The Significance of Insignificant Things

By Michelle Rose DiehlPublished 3 years ago 10 min read
2
Spectacular artwork by Paxdomino Designs

The light blinked in a steady pattern: one two one four one. Emily stared at the blue dash and frowned.

“What does it mean?” she asked Lloyd.

The lab tech shrugged without looking up from his clipboard.

“Unknown value” he responded. “They’re always sending messages like that. It’ll stop as soon as another notices and blows it up.”

“Don’t you wonder why they do that?”

“Nope.” Lloyd finished his notations and looked up at Emily. “I don’t get paid to wonder; I’m just here to record.” He rolled his chair over to the next station of blinking lights.

One two one four one. Emily tried to puzzle out what the pattern might indicate. Letters? A B A D A. “Abada,” she said under her breath, then shook her head. That was stupid. They wouldn’t even use our alphabet. One two one four one. She couldn’t think of anything mathematically significant about the numbers. They didn’t build on each other, as in doubling with each succession. They weren’t all prime numbers.
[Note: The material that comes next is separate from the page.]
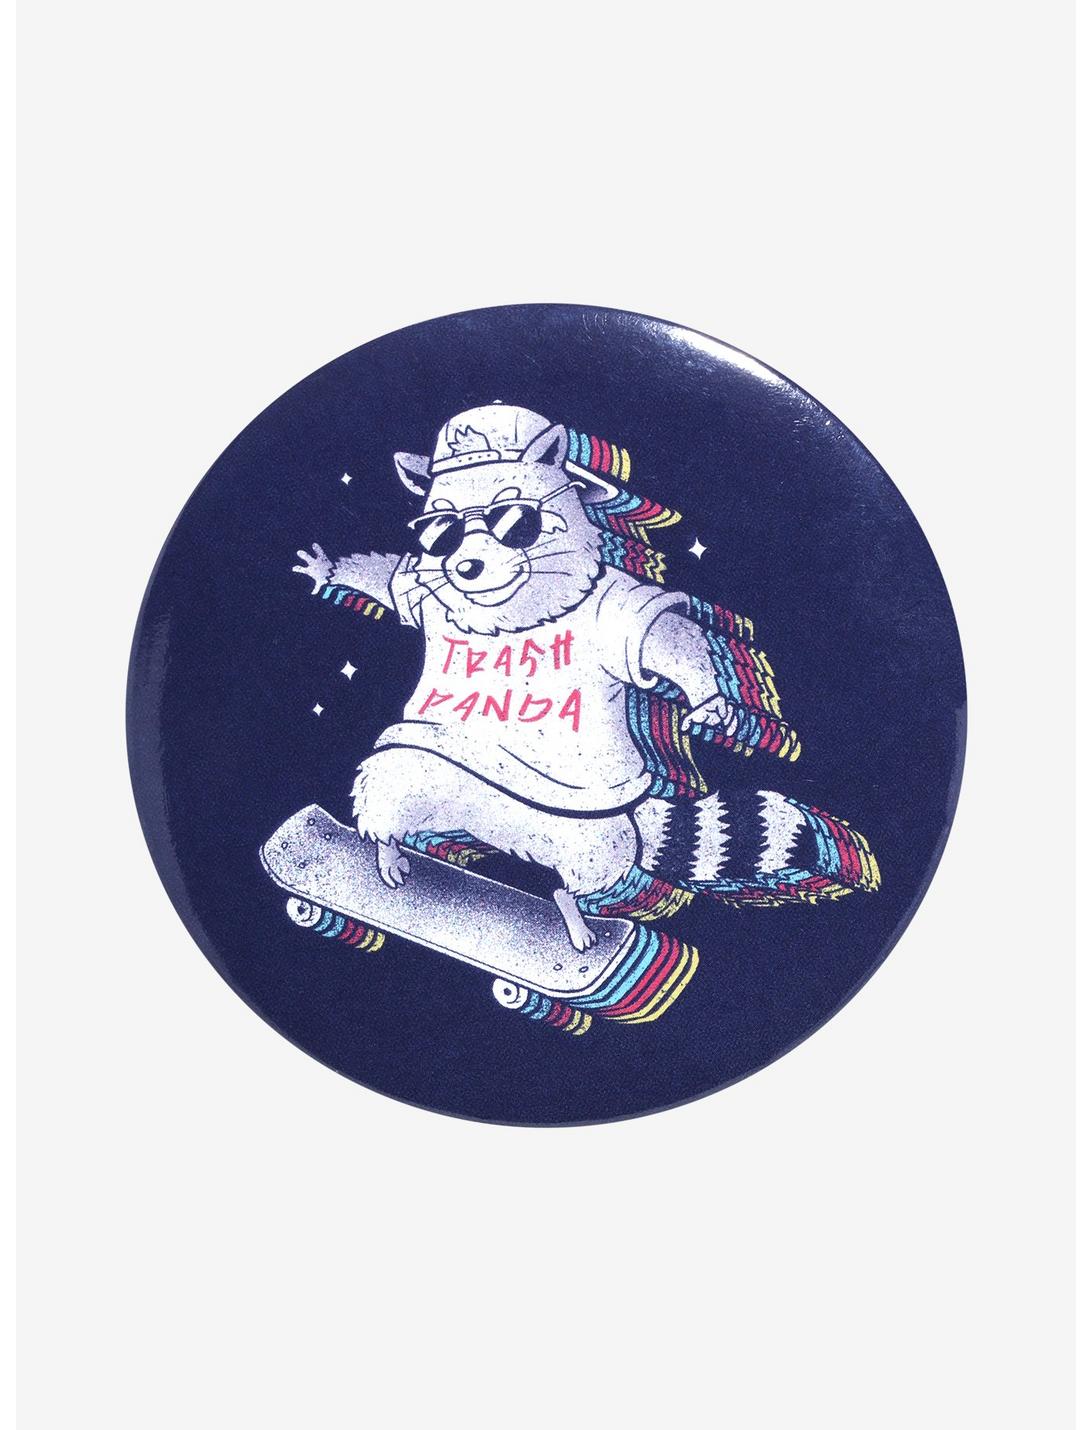 Raccoon Skater 3 Inch Button, , hi-res

They were five numbers that added up to – Emily did the math in her head – added up to nine. No clue in that.

Emily stared at the instrument panel, willing the blinking blue light to yield its secrets to her. One two one four one. One two one four one. One two one four one. One two one four one. One two one four …

All of a sudden the light stopped blinking entirely. Emily straightened in surprise.

“Lloyd!” she called to the lab tech. “Lloyd, this one stopped blinking!”

“What did I tell you?” his voice came back in a disinterested tone. “The others blew it up. Another sequence will take its place in a few minutes.”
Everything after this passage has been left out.